A cleat is a high strength item, sometimes a safety item (towing, anchoring to avoid a bigger issue etc.) subject to tremendous shear stresses! I’d only through-bolt them, with backing plates and using SS hardware. Put adhesive-lined heatshrink or el-tape over the bolt body where the SS fastener pieces thru the tin and if your backing plate is metal, put nylon washers or more el-tape under the SS washer before the nut.

Never put SS fasteners or hardware in direct contact with aluminum, or the galvanic corrosion will eat away at the tin ... made 10X worse if/when boating in the salt.


----------



## Scott F

I have to agree with DaleH. I used to use rivnuts on the job but I'd never trust them to hold under any kind of stress. I recently bought a new Blazer 1648 which is probably basically the same as the 1752 but I don't quite understand what you mean by "flat heavy duty gunwales" Could you provide a picture? I'm considering adding cleats myself. What I plan to do is to add them mounted just like the oar lock that is on the boat now.


----------



## ppine

Cleats can be under a lot of stress during towing or a storm or some other conditions.

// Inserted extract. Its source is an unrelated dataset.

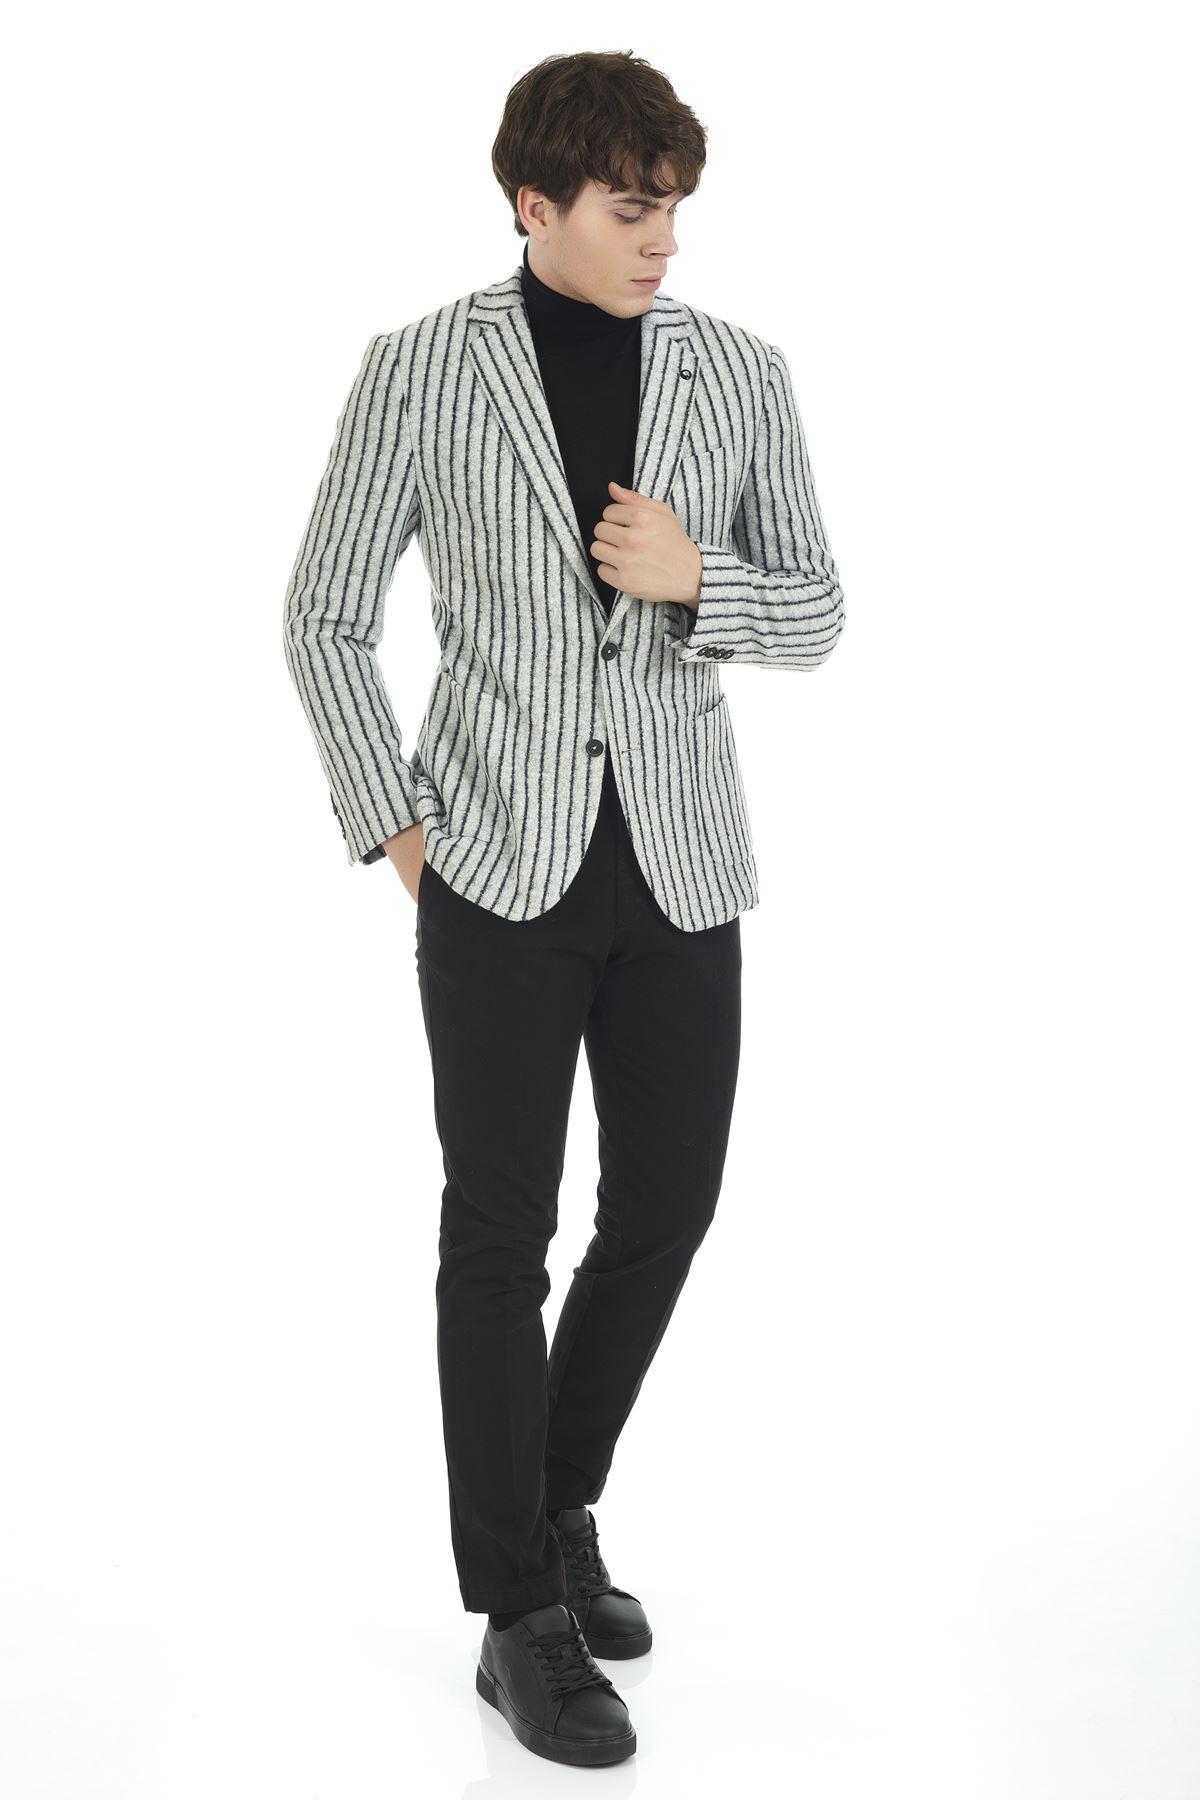 Siyah Beyaz Çizgili Malzemesiz Süper Slim Yün Ceket
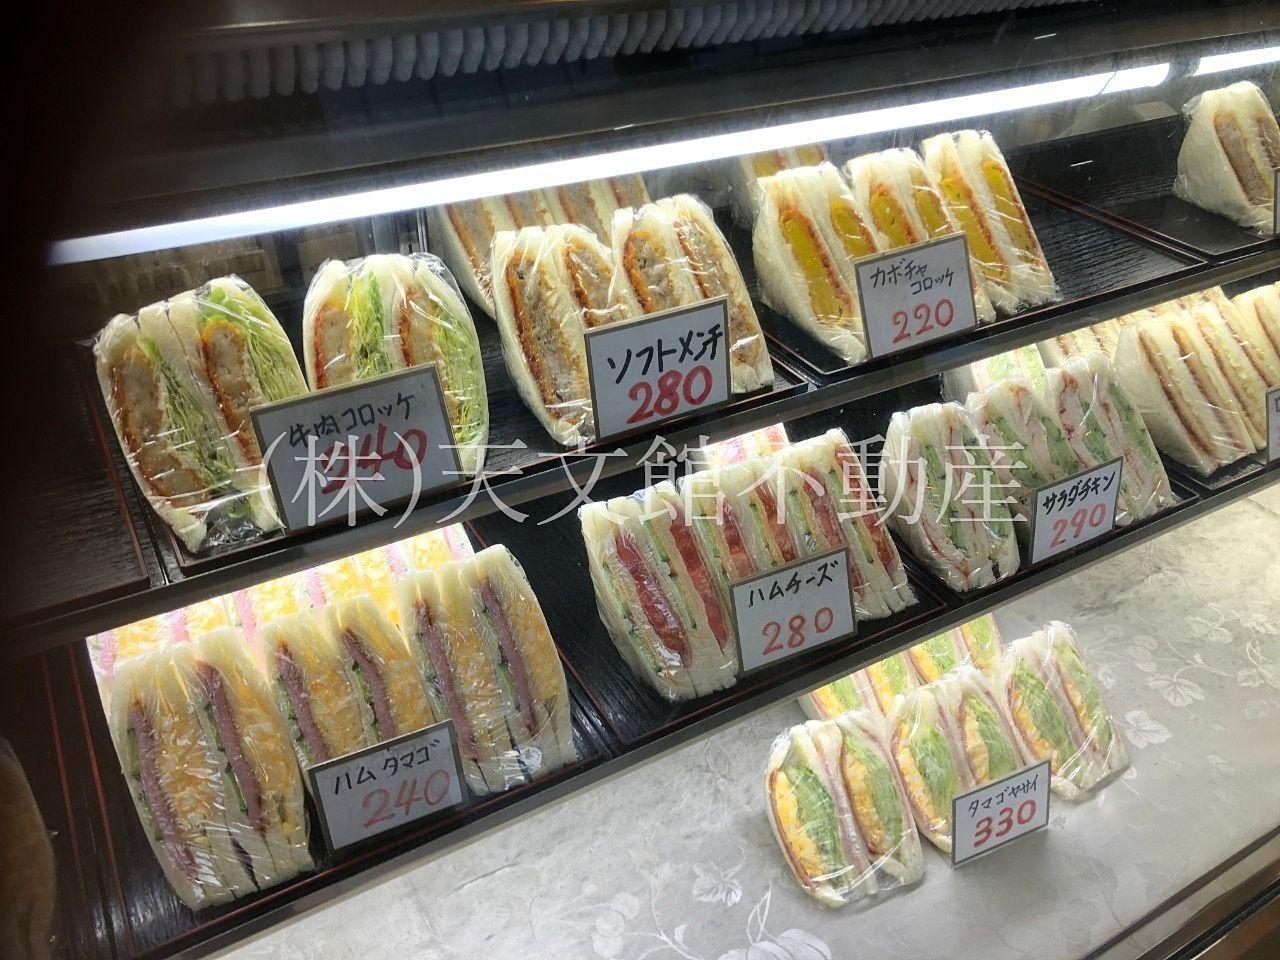 鹿児島市 天文館公園 軽食サンドイッチ 美味しい お土産 種類豊富 ボリューム満点

When a nylon line streches and then a cleat lets go it can become a projectile. The best way to mount a cleat on an aluminum or steel boat is to weld it to the deck. The second best way is to bolt it to the deck with a backing plate and large fender washers. Use some decent sized bolts and lock nuts. Don't mess around with cleats.


----------



## bcbouy

funny.my brand new boat came with s/s bolts and nylon cleats,but i guess you guys know better.of course a docking cleat will fail if you try and tow with it.no matter how its secured.it's not designed for that amount of shear stress,and i defy you to show me a cleat that failed from using a riv nut or a nutstud.


----------



## jtf

These are welded bow double eyes, no problem with snagging fishing line. Shop suggested welding to the side seams for strength, at a corner to prevent shear.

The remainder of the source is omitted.